The DIFC free zone established an international court, called DIFC Courts, which began operations in 2006. The DIFC Courts operate according to English language common law, making it unique in the UAE and legally separate from the rest of the country's court system, which operates according to Islamic Shariah law and is based on the Arabic language.

Starting in 2015, DIFC Courts set up the DIFC Wills and Probate Registry (WPR), allowing non-muslim foreigners to draft and register English language wills in Dubai according to English common law.

DIFC wills may include UAE and international assets. Despite this, foreign countries and courts may not respect a DIFC will. Only UAE-based assets and specifically those based in Dubai are 100% protected by a local DIFC will.

Multiple DIFC wills are available, including a full will, a mirror will (essentially 2 full wills for spouses), property wills, financial wills, company wills, and guardianship wills. DIFC wills are rather costly and involve a drafting fee plus a registration fee.

Professional will drafting costs around AED3000+ and can get more expensive if a large number and variety of assets are involved. You may also draft your own will, however, this is not recommended.

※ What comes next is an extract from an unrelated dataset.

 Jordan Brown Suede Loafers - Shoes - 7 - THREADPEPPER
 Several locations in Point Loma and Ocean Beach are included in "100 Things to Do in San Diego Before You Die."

Registration costs vary by will type, and are as follows as of March 2023:

  • Full (single) will: AED 10,000

  • Full will (mirror will for 2 individuals): AED 15,000 (50% discount compared to 2 single wills)

  • Property will: AED 7,500

  • Property will (mirror will for 2 individuals): AED 10,000

  • Financial will: AED 5,000

  • Financial will (mirror will for 2 individuals): AED 7,500

  • Business owner's will: AED 5,000

  • Business owner's will (mirror will for 2 individuals) AED 7,500

  • Guardianship will: AED 5,000

  • Guardianship will (mirror will for 2 individuals): AED 7,500

As the name suggests, full will cover all assets and may also include guardianship provisions for dependents, specifically children under the age of 21.

Property wills cover up to 5 unique properties located anywhere in the UAE. This is a change from an older restriction that limited coverage of properties to Dubai and Ras Al Khaimah until 2019. Property wills are popular with non-UAE residents owning real estate here, but nothing else.

Financial wills only cover bank accounts and (stock) brokerage accounts domiciled anywhere in the UAE.

Business wills only cover ownership shares in UAE-registered companies. Up to 5 unique companies may be involved in a single will. All UAE-based companies, from all emirates, including mainland companies and free zone companies are covered. IBC companies incorporated through Ras al Khaimah's RAKICC are also covered.

Guardianship wills allow you to ensure who cares for dependent children under the age of 21, as long as these reside in the UAE.

Compared to the other two will options discussed below, DIFC wills are by far the most expensive, both when it comes to drafting fees, and especially regarding registration fees.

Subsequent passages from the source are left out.